## Problem to work on
An exact restatement of the data below, with the pictures removed, is the required answer.

## Recorded data

══════

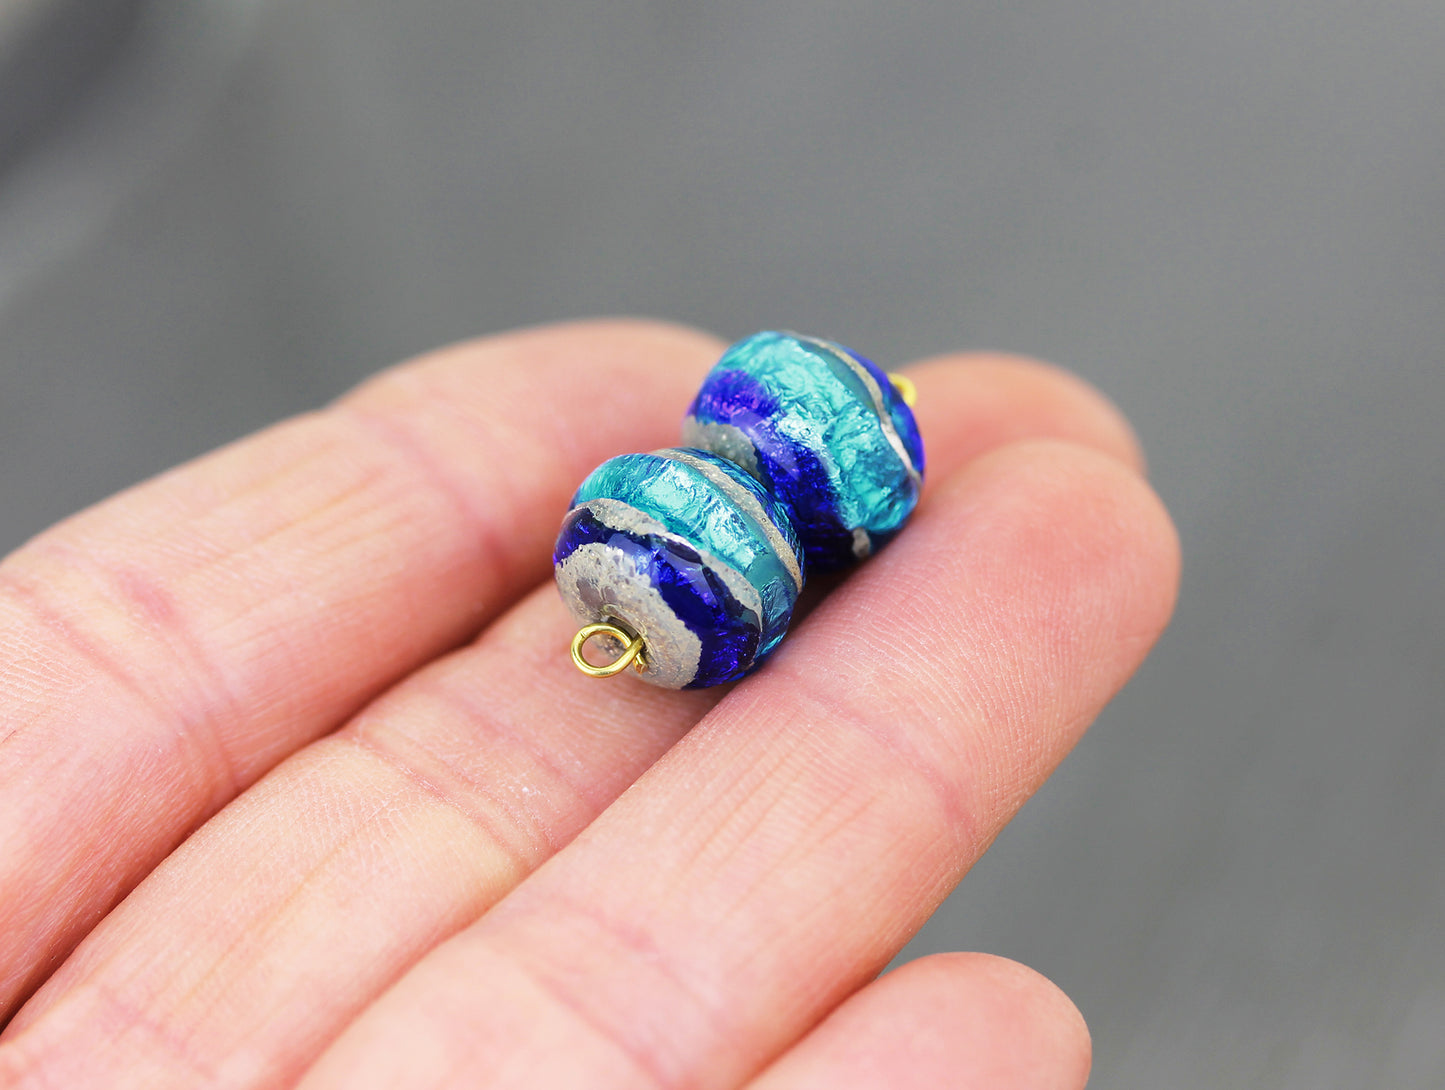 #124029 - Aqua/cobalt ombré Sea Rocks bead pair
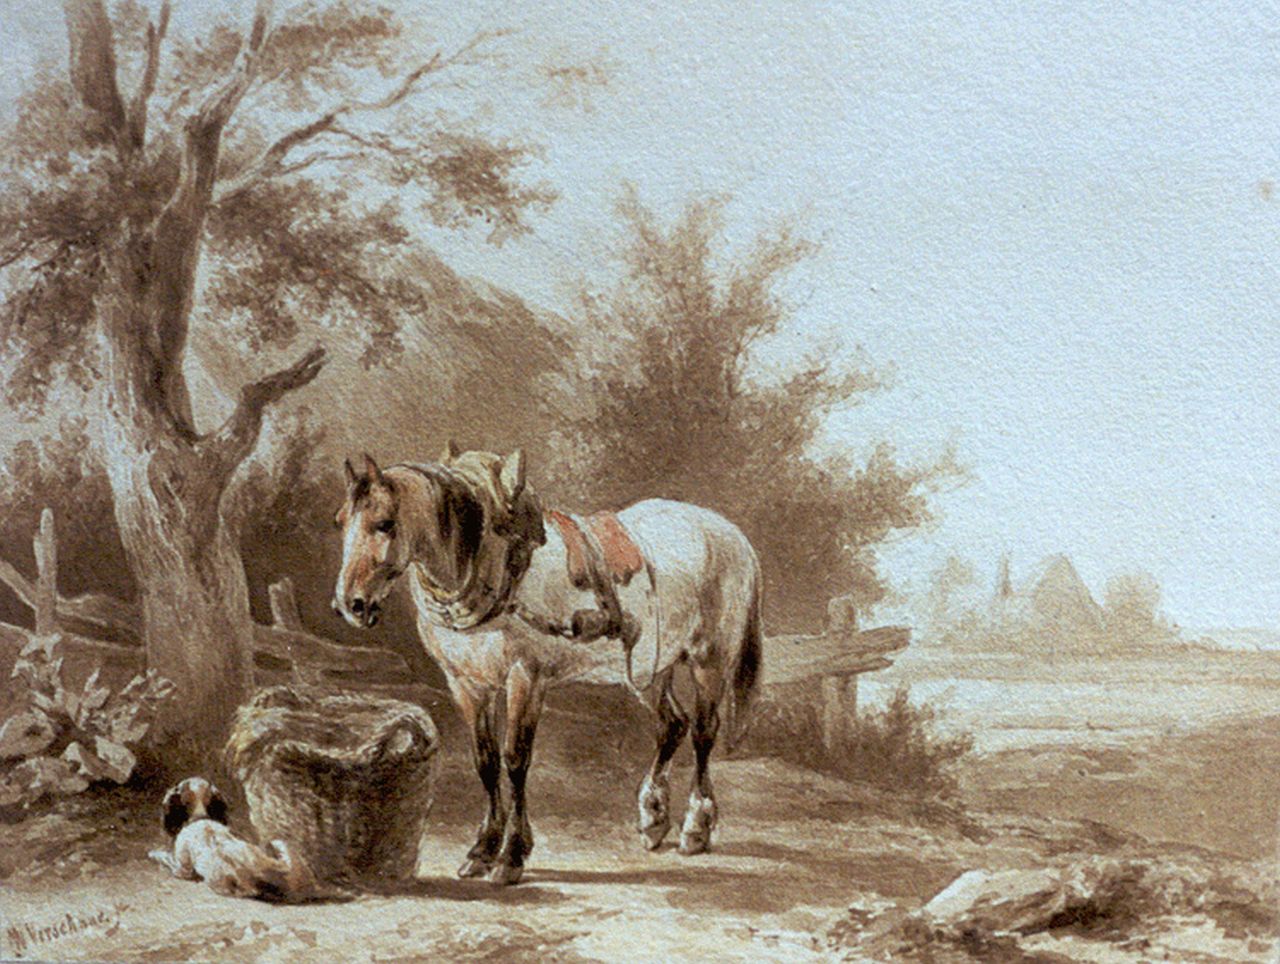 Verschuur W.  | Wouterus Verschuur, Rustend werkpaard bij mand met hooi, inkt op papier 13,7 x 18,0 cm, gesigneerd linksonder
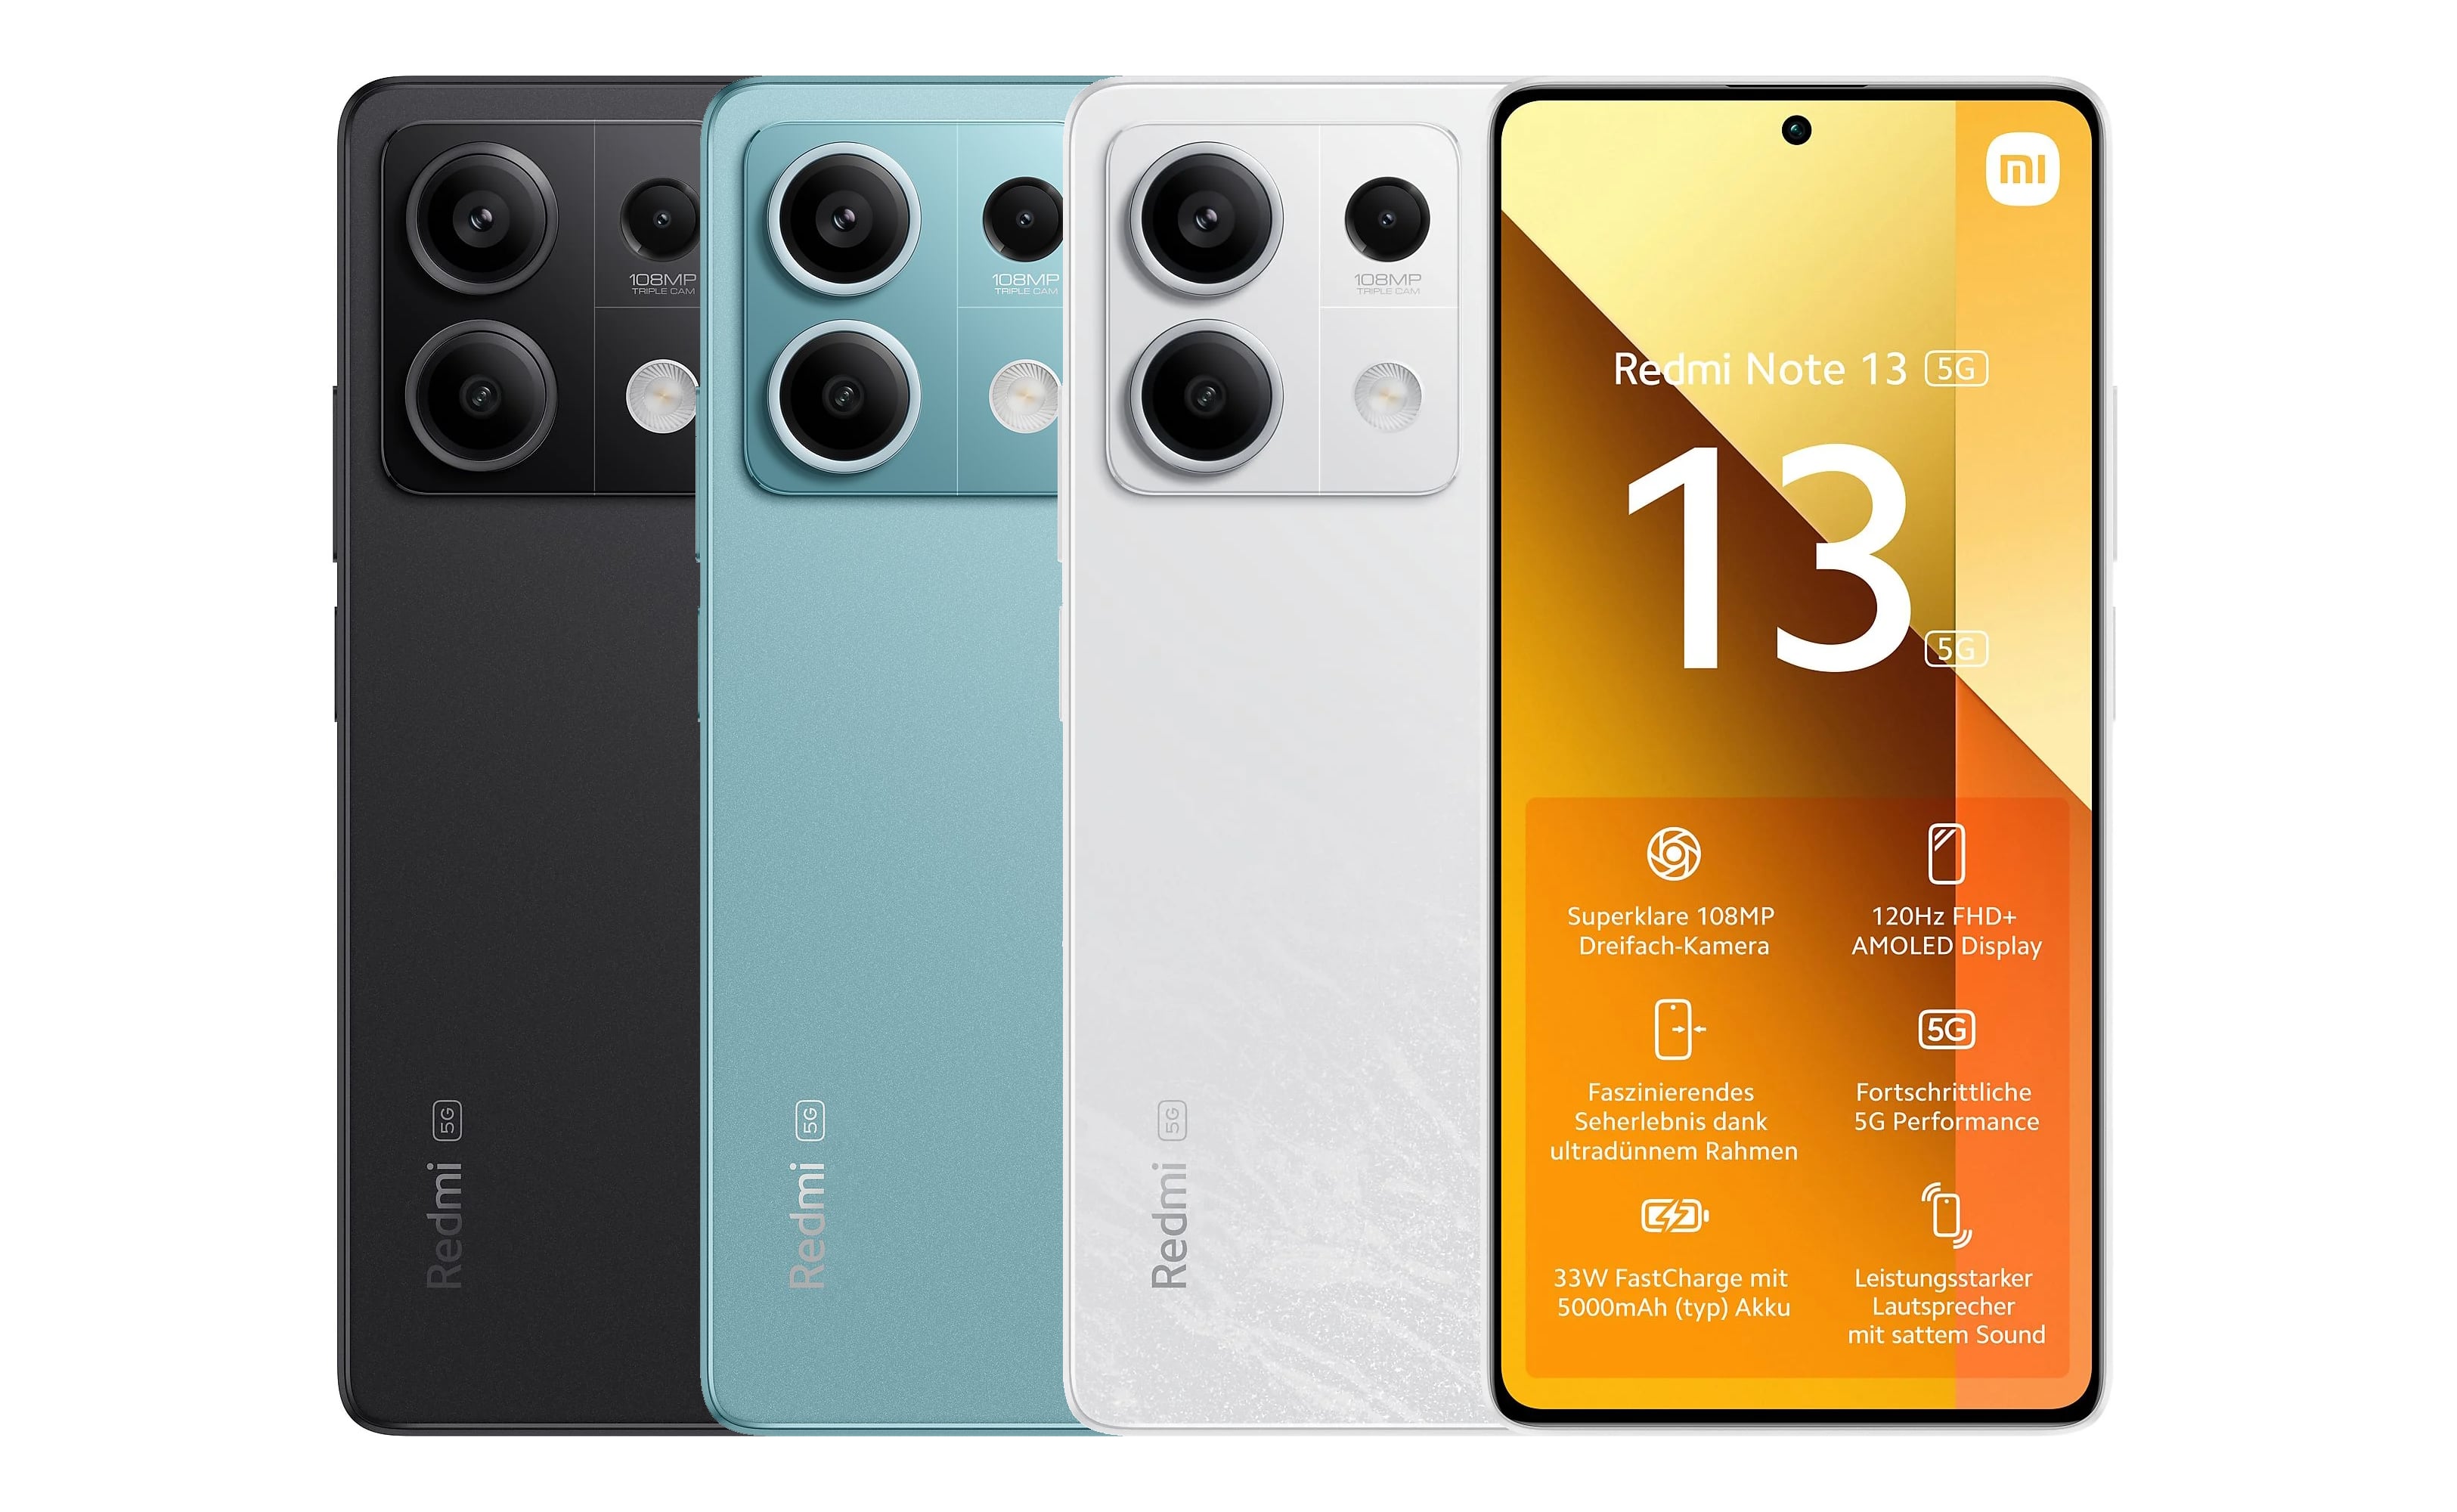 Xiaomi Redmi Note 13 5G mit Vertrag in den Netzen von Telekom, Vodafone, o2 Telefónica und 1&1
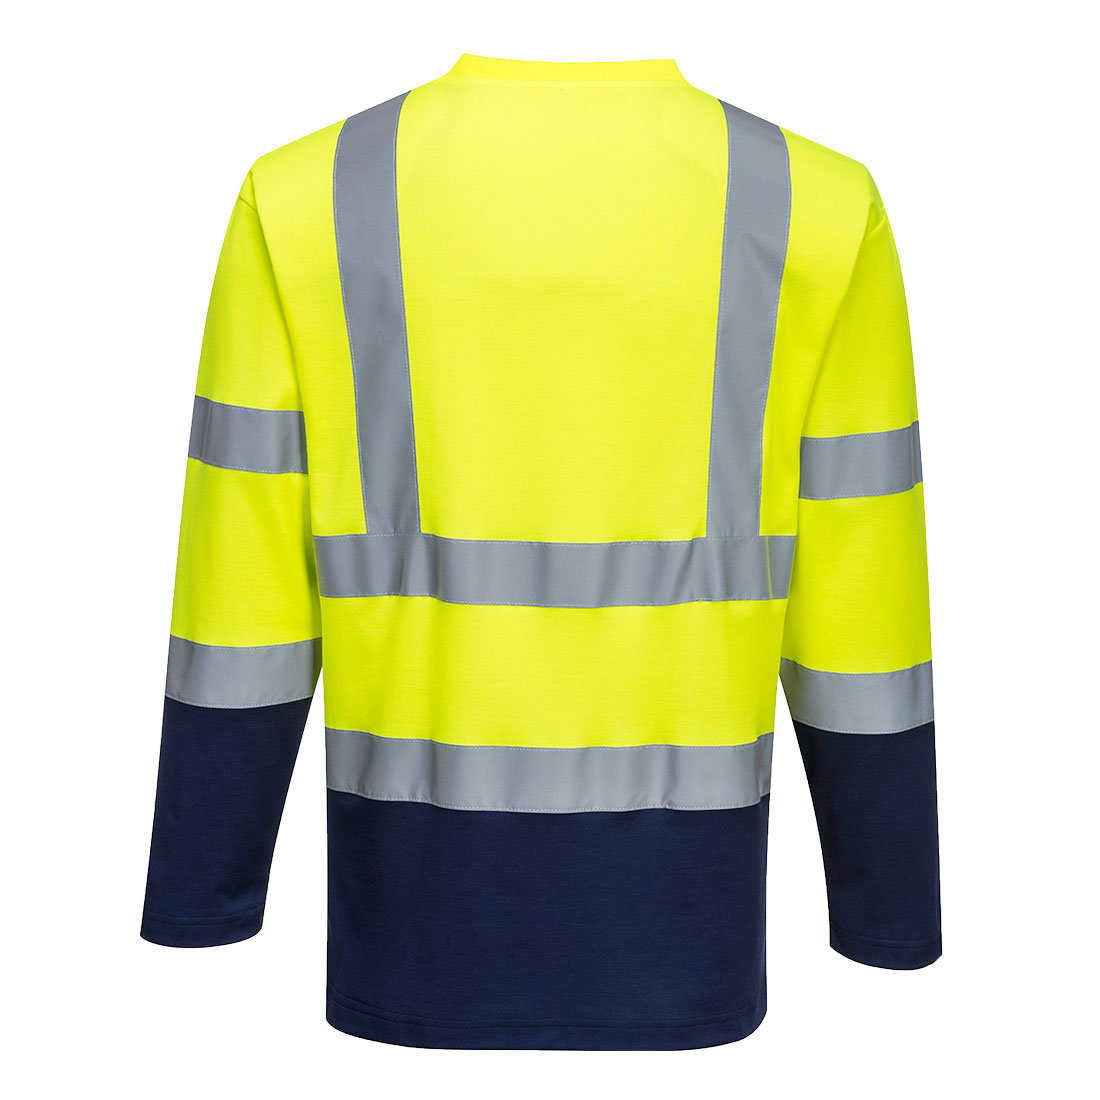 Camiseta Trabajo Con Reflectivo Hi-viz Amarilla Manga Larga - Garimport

══════

## Completed exercise
 #124029 - Aqua/cobalt ombré Sea Rocks bead pair
 Verschuur W.  | Wouterus Verschuur, Rustend werkpaard bij mand met hooi, inkt op papier 13,7 x 18,0 cm, gesigneerd linksonder
 Xiaomi Redmi Note 13 5G mit Vertrag in den Netzen von Telekom, Vodafone, o2 Telefónica und 1&1
 Camiseta Trabajo Con Reflectivo Hi-viz Amarilla Manga Larga - Garimport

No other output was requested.